Using 1-bromocarbazole, 4-boronophenylamine, 2-bromooxanthone, 2-bromothioxanthone, and 2-bromoselenoxanthone as substrates, three compounds, 2O, 1O, and 1S (Fig. 1b), were successfully synthesized via Suzuki coupling and Buchwald–Hartwig coupling reactions, achieving good yields (>60%) (see Scheme S1 in the SI). All intermediates were purified through column chromatography, and the final products were further purified by column chromatography and recrystallization. Comprehensive characterization data for all compounds, including ¹H NMR, ¹³C NMR, HRMS (high-resolution mass spectrometry), and single-crystal X-ray diffraction (XRD) analysis, were obtained. The single crystals of 2O, 1O, and 1S were grown by slow diffusion in an ethanol/dichloromethane (V/V = 3 : 1) mixed solution, as detailed in Fig. 1c and Tables S1–S3 (see SI).
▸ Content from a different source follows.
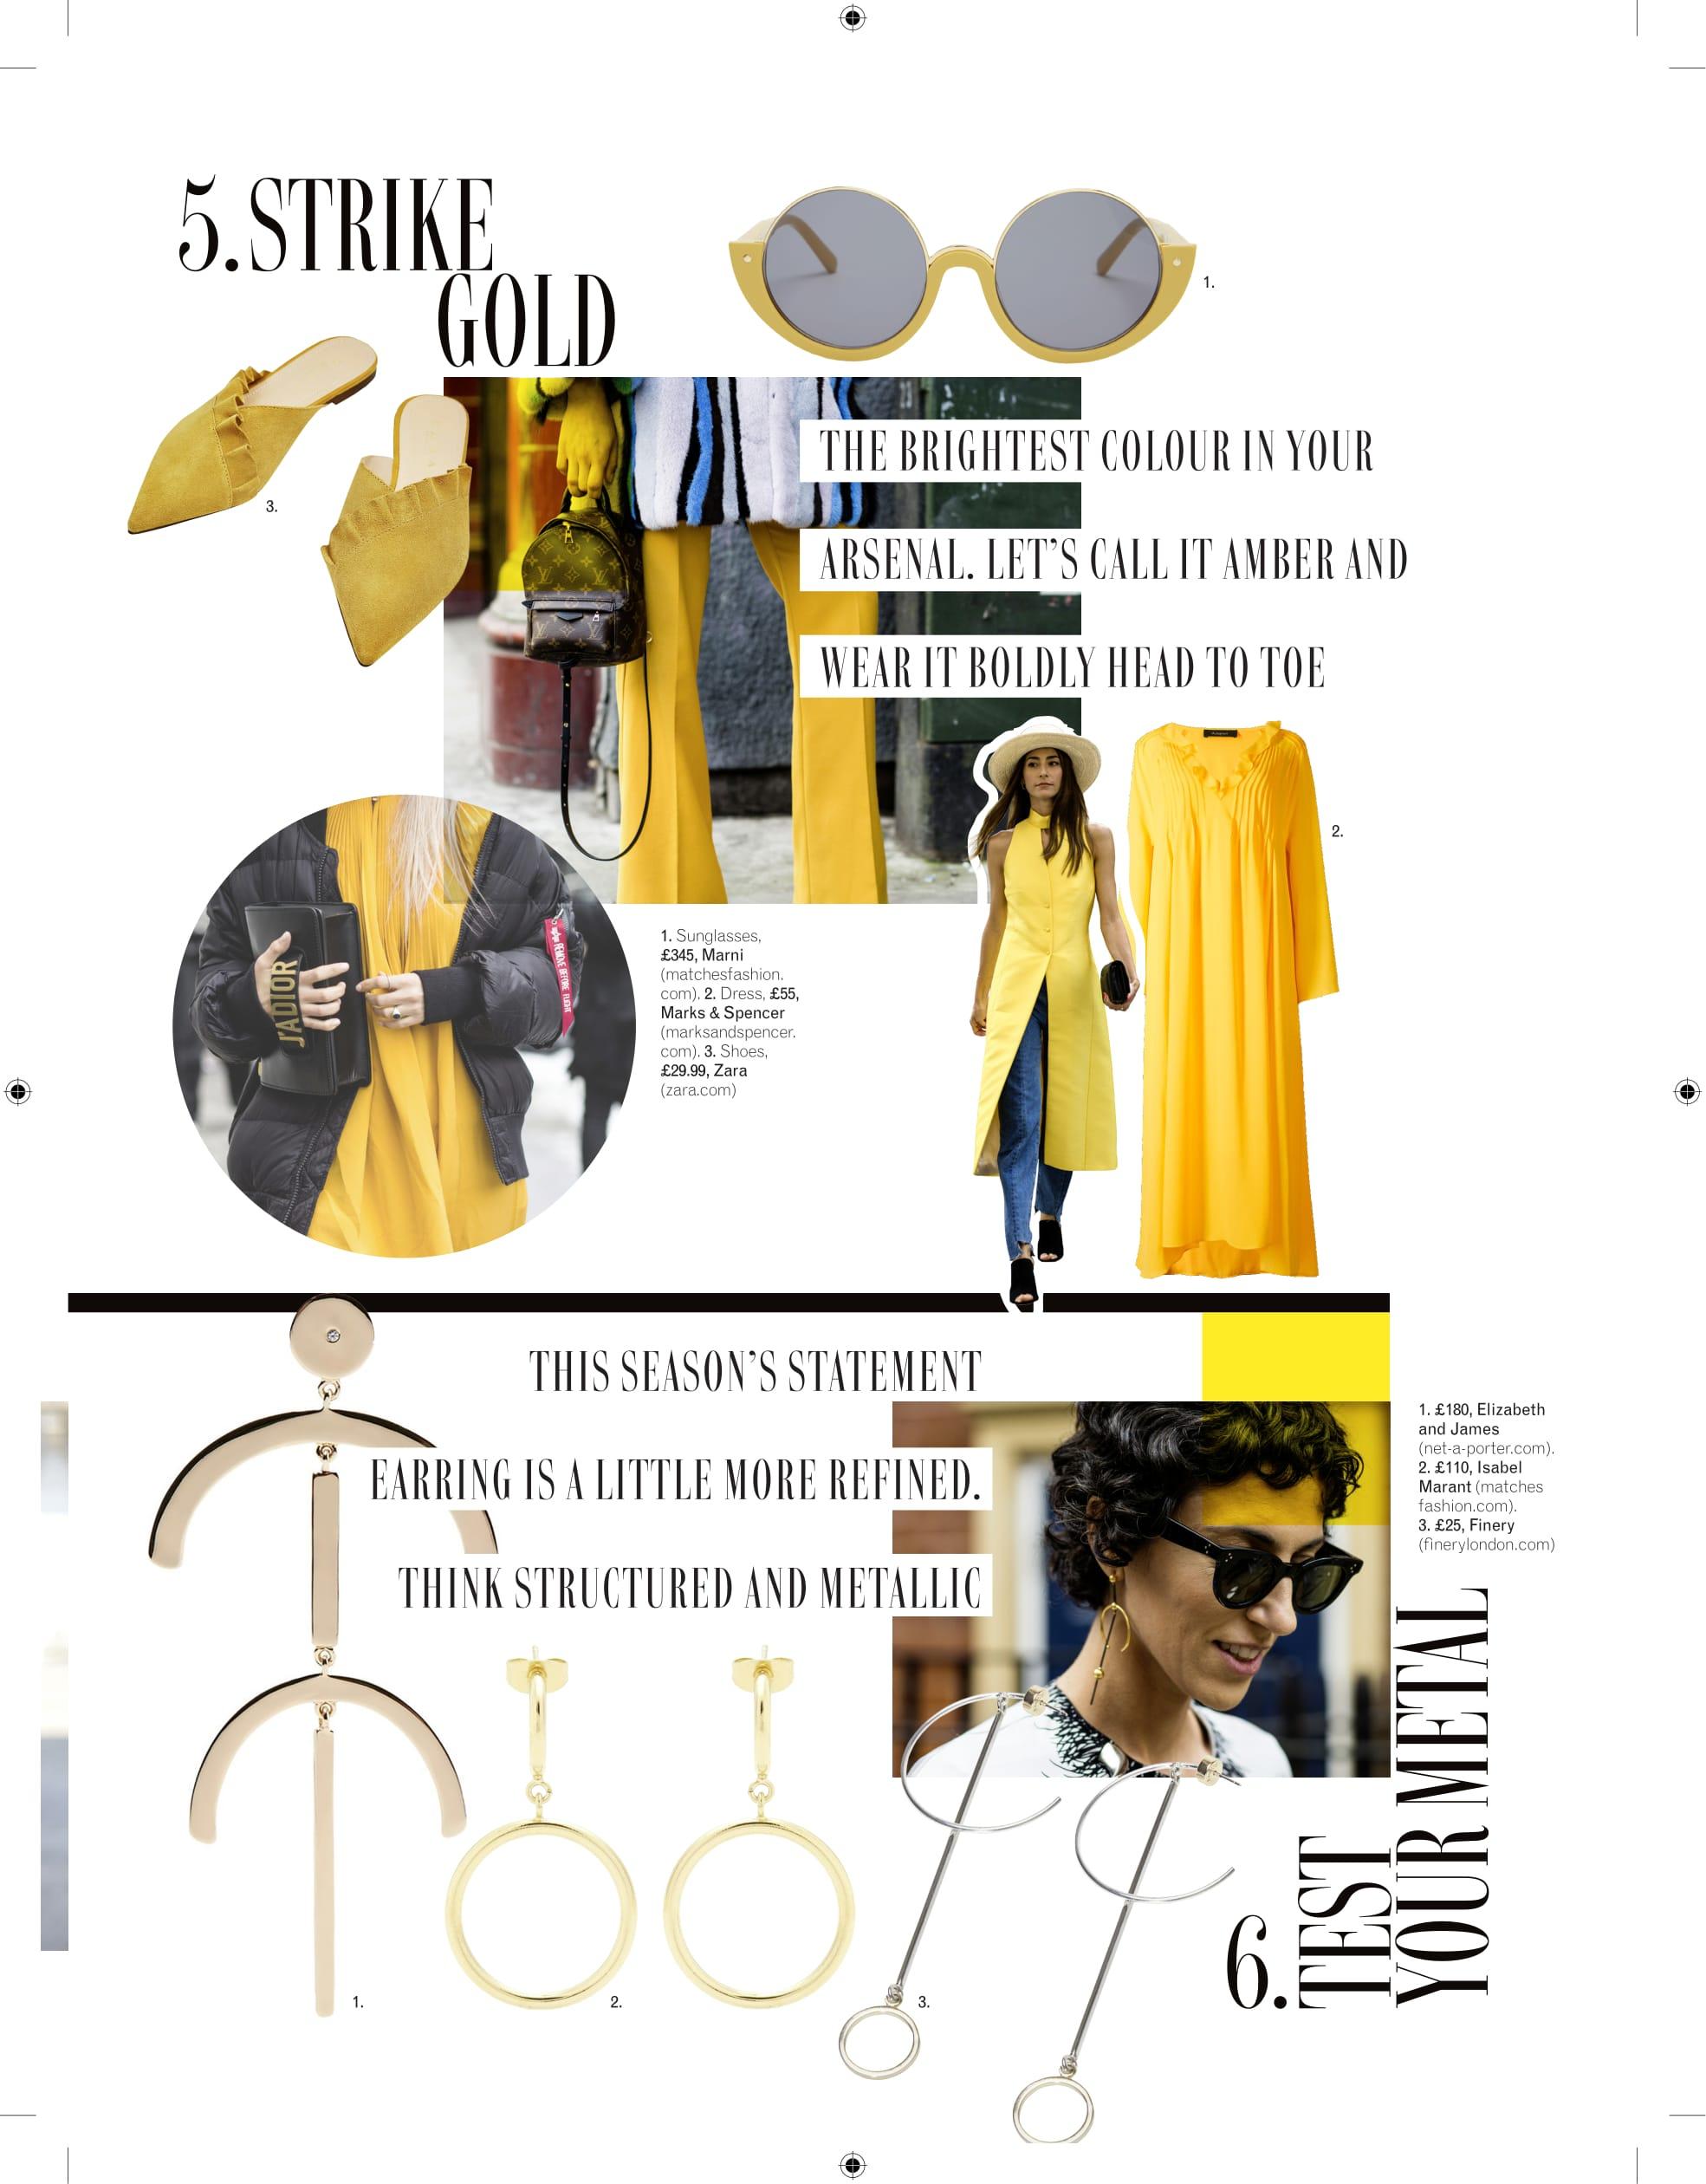 Fashion_STREET STYLE SPESH 6pp_pdf_4-1 copy.jpg
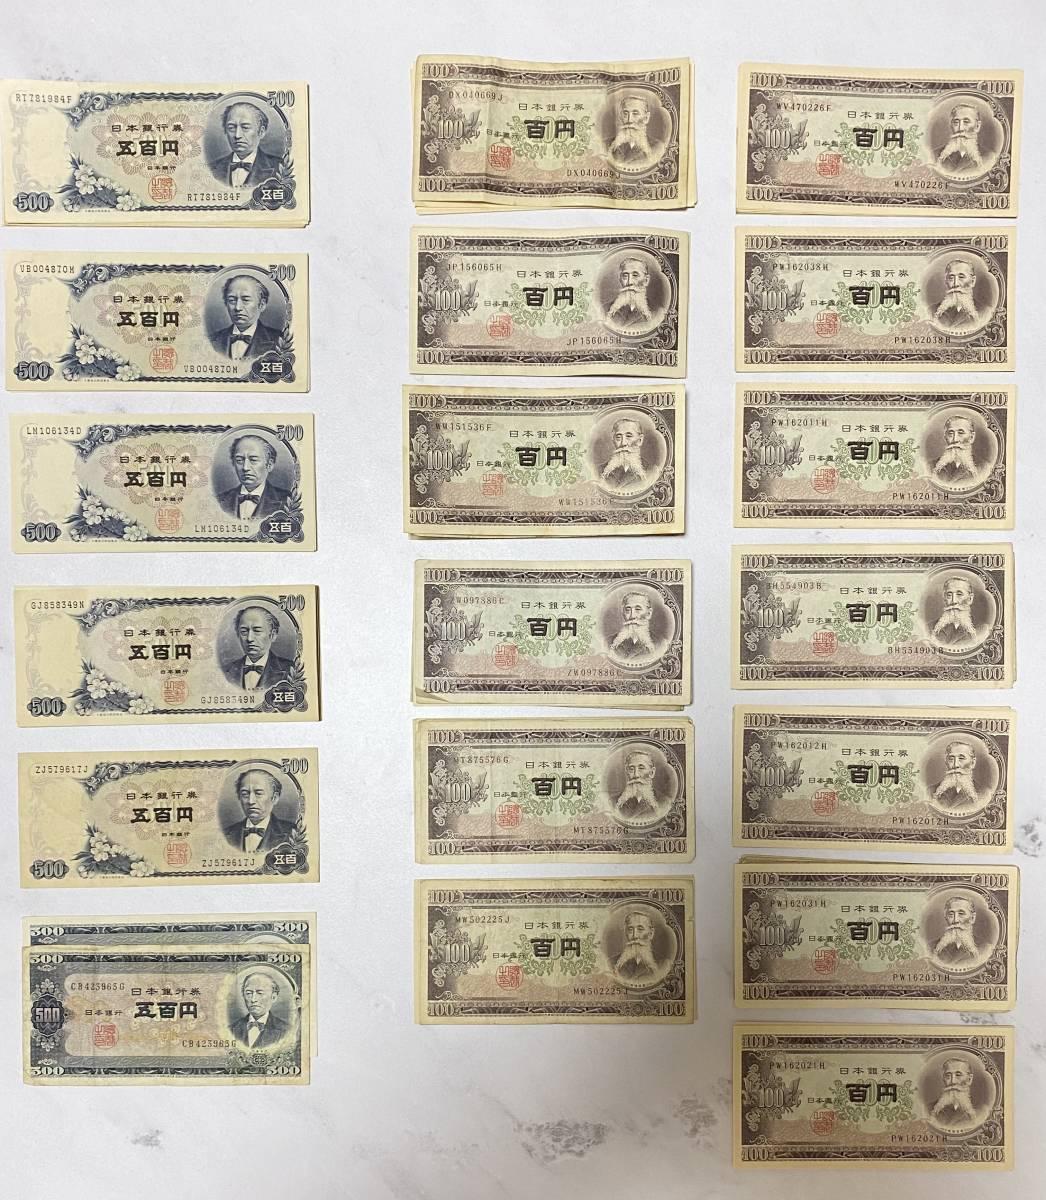 旧紙幣 ●旧五百円札 岩倉具視/41枚 前期500円札/2枚 ●旧百円札 板垣退助/124枚 計167枚 総額33900円分 まとめて

As shown in Fig. 1c, single-crystal structure analysis reveals that all compounds exhibit significantly distorted spatial configurations. Specifically, the dihedral angles between XT/TX acceptor units and adjacent carbazole bridges are 52.7° (2O), 38.0° (1O), and 56.5° (1S), respectively, while the dihedral angles between the TPA donor units and carbazole bridges are 18.3° (2O), 57.3° (1O), and 56.7° (1S), respectively. Notably, compounds 1O and 1S demonstrate greater structural distortion (dihedral angles >50°), which effectively suppresses intermolecular π–π stacking interactions. Further analysis shows that the minimum donor–acceptor (D–A) distances in 1O and 1S are approximately 5.5 Å, falling within the optimal range for TSCT interactions (typically 3–6 Å)^53–55 and thus facilitating efficient thermally activated delayed fluorescence. In contrast, the D–A distance in 2O reaches 10 Å, significantly exceeding the effective range for TSCT, which may prevent 2O from exhibiting TADF characteristics.

Results and discussion

Photophysical properties of sensitizers

The photophysical properties of 2O, 1O, and 1S were investigated in dilute toluene solutions (10⁻⁵ M) and in thin-film states. The results are shown in Fig. 2 and summarized in Table 1. The significant absorption peaks observed between 280 and 330 nm are attributed to localized π–π* transitions, while a weaker absorption peak in the range of 330–380 nm is ascribed to intramolecular TSCT from the TPA group to the TX or XT acceptors. The S₁ and T₁ energy levels were estimated based on the fluorescence and phosphorescence emission spectra measured at 77 K. We determined the singlet–triplet energy gaps (ΔE_ST) for 2O, 1O, and 1S in toluene solution to be 0.66, 0.07, and 0.00 eV, respectively, which are consistent with the theoretically calculated values of 0.72, −0.04, and 0.05 eV (see Fig. 2a–c and Table S8 in the SI). Furthermore, the photoluminescence spectra of these compounds were measured in various solvents (see Fig. S2d–f in the SI). Notably, two emission bands were observed, labeled as F1 and F2, corresponding to short-wavelength and long-wavelength emissions, respectively. The F1 emission band is insensitive to solvent changes, with no significant shift in emission wavelength as solvent polarity varies, indicating a localized excitation (LE) emission. In contrast, the F2 emission spectra exhibit a red shift in polar solvents, which suggests that these compounds possess ICT characteristics. The photoluminescence decay curves in the four solvents all show nanosecond-scale lifetimes (Fig. S2a–c in the SI).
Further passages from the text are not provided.